Rabid Fun

John Cowart's Daily Journal: A befuddled ordinary Christian looks for spiritual realities in day to day living.


Thursday, July 17, 2008

The Din Of Iniquity

No. That is not a misspelling.

Although yesterday Jacksonville police raided a whorehouse not far from here (see news report at http://www.news4jax.com/news/16903466/detail.html ) I’m not writing about that den.

The word din I’m using means “a continual noise, a welter of discord, a noise which annoys with insistent repletion”.

It’s something you hear.

And yesterday I heard plenty.

It started with our Neighborhood Watch’s tire drive.


The streets in our neighborhood from a giant horseshoe. Fifty-seven houses line this horseshoe. For various reasons nine of those houses sit empty at the moment.
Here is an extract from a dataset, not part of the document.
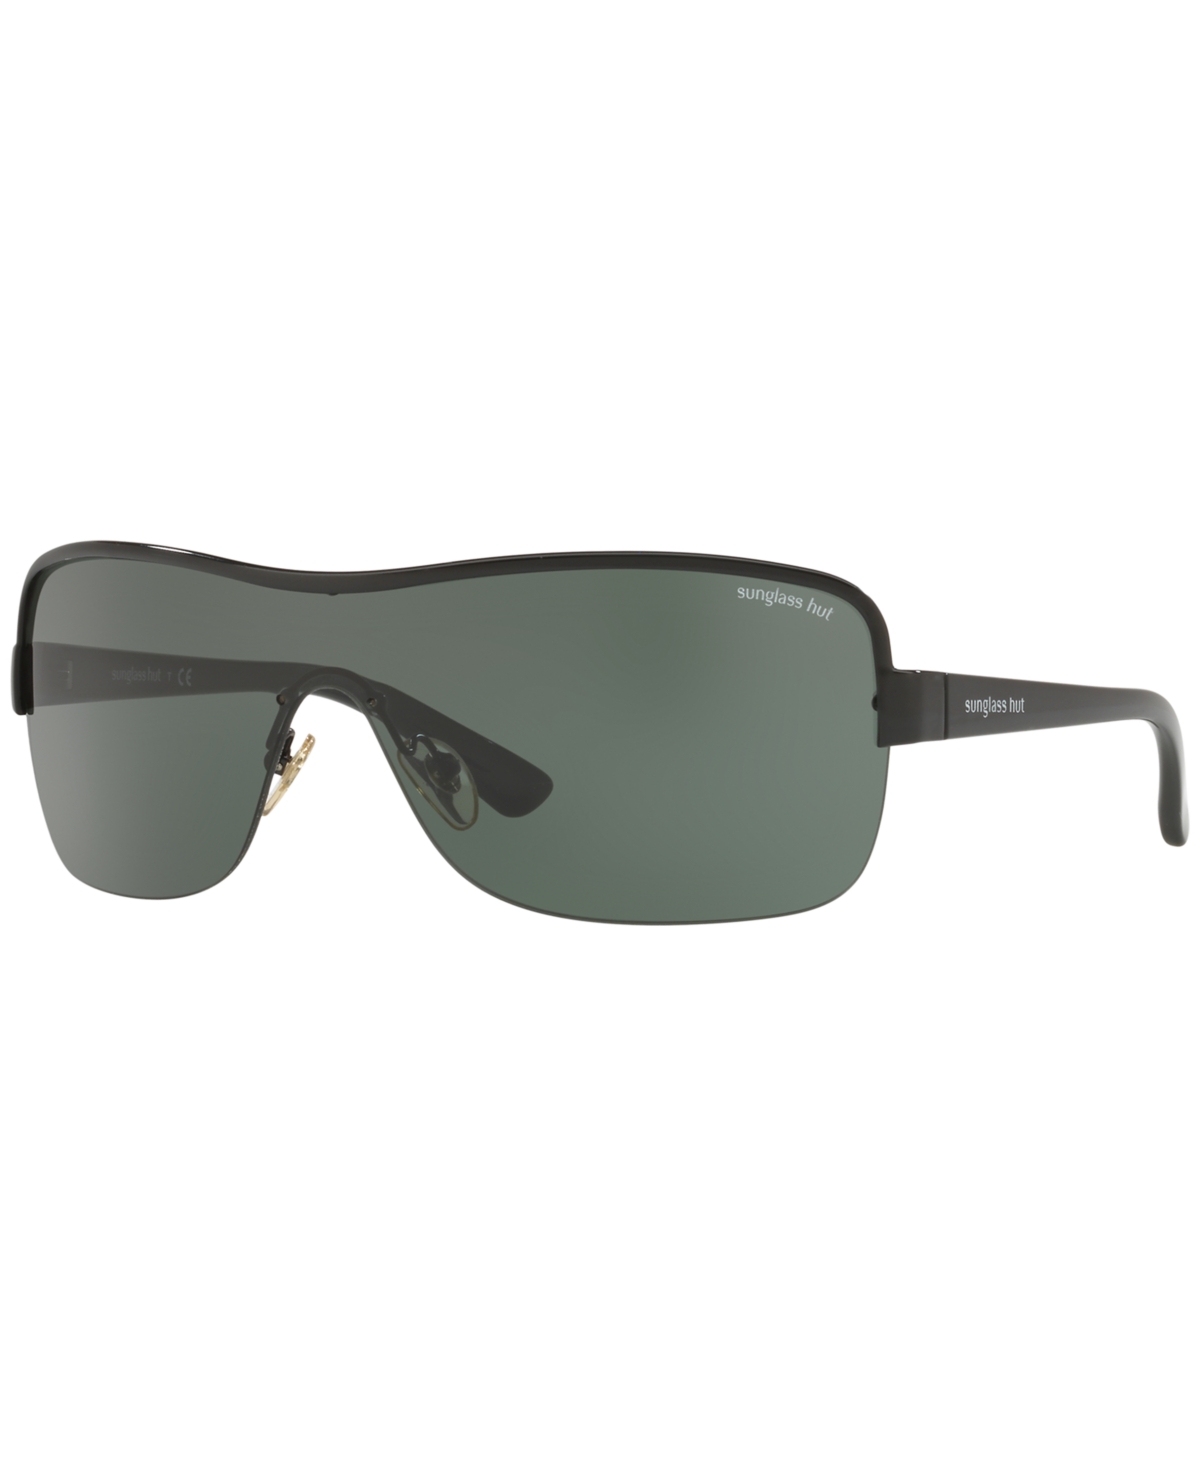 Sunglasses, HU1003 34 - BLACK/GREEN

That leaves 48 occupied houses.

Many of us have accumulated old tires in our backyards because you have to go through such a rigmarole to get rid of them.

So, as a public service, our Watch group plans to collect old tires around the neighborhood and arrange for the city to haul them away.

To notify folks about this project I printed up a flyer and yesterday I delivered it, going from house to house all around the horseshoe.

As I walked, a number of people stopped to talk with me.

I heard and saw a lot.

No one stipulated that what they were telling me was told in confidence, but by it’s very nature, I feel I should not repeat specifics, but speak in generalities.

Mostly I heard the din of iniquity.

Tale after tale of sin in the world, in our little horseshoe, and its dreadful, awful repercussions—the widespread, indirect, unforeseen effects of our actions.

No, I heard no tale of murder or bank robbery or child molesting; the iniquity I heard about were the common, everyday evils that form the whitenoise in the background of our lives.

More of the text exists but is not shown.